> [Problem to work on]
Your copy of the entries below should hold exactly the lines from the one containing "Snacks Bar For" to the one containing "WSPA-PP-logo2018.png", inclusive, and no pictures.

> [Material for the task]
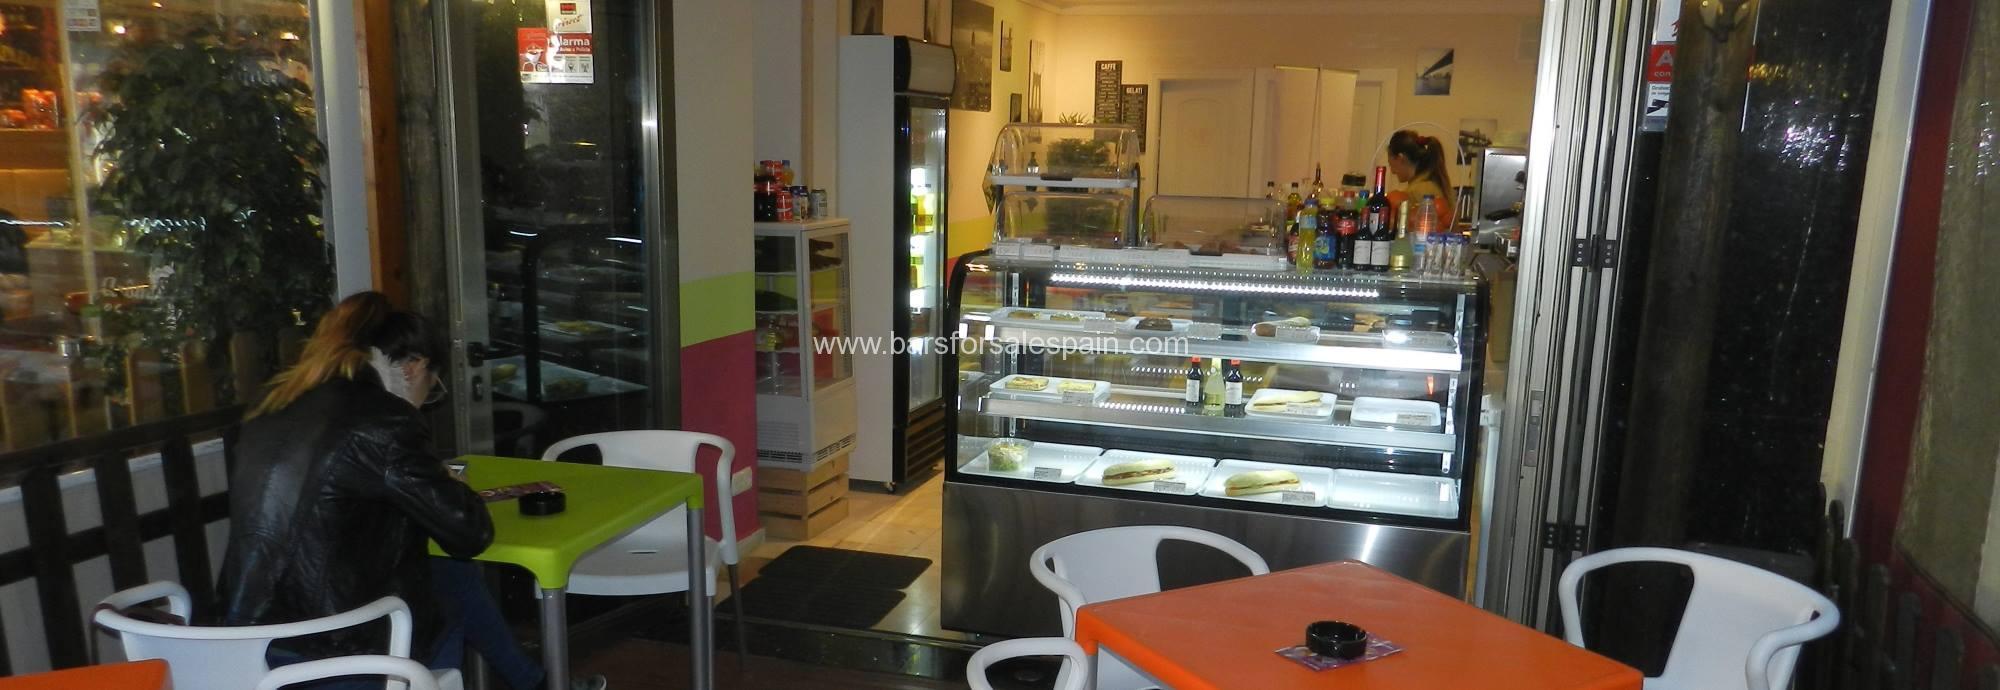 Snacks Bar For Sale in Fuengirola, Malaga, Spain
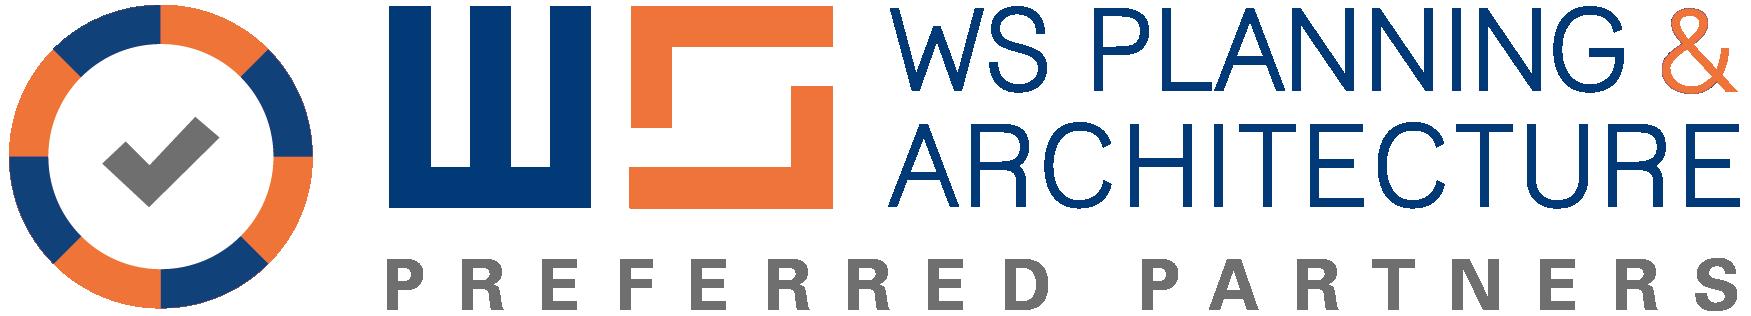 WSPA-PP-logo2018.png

---

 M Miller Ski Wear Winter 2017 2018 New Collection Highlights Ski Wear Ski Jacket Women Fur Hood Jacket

> [Solution to this problem]
 Snacks Bar For Sale in Fuengirola, Malaga, Spain
 WSPA-PP-logo2018.png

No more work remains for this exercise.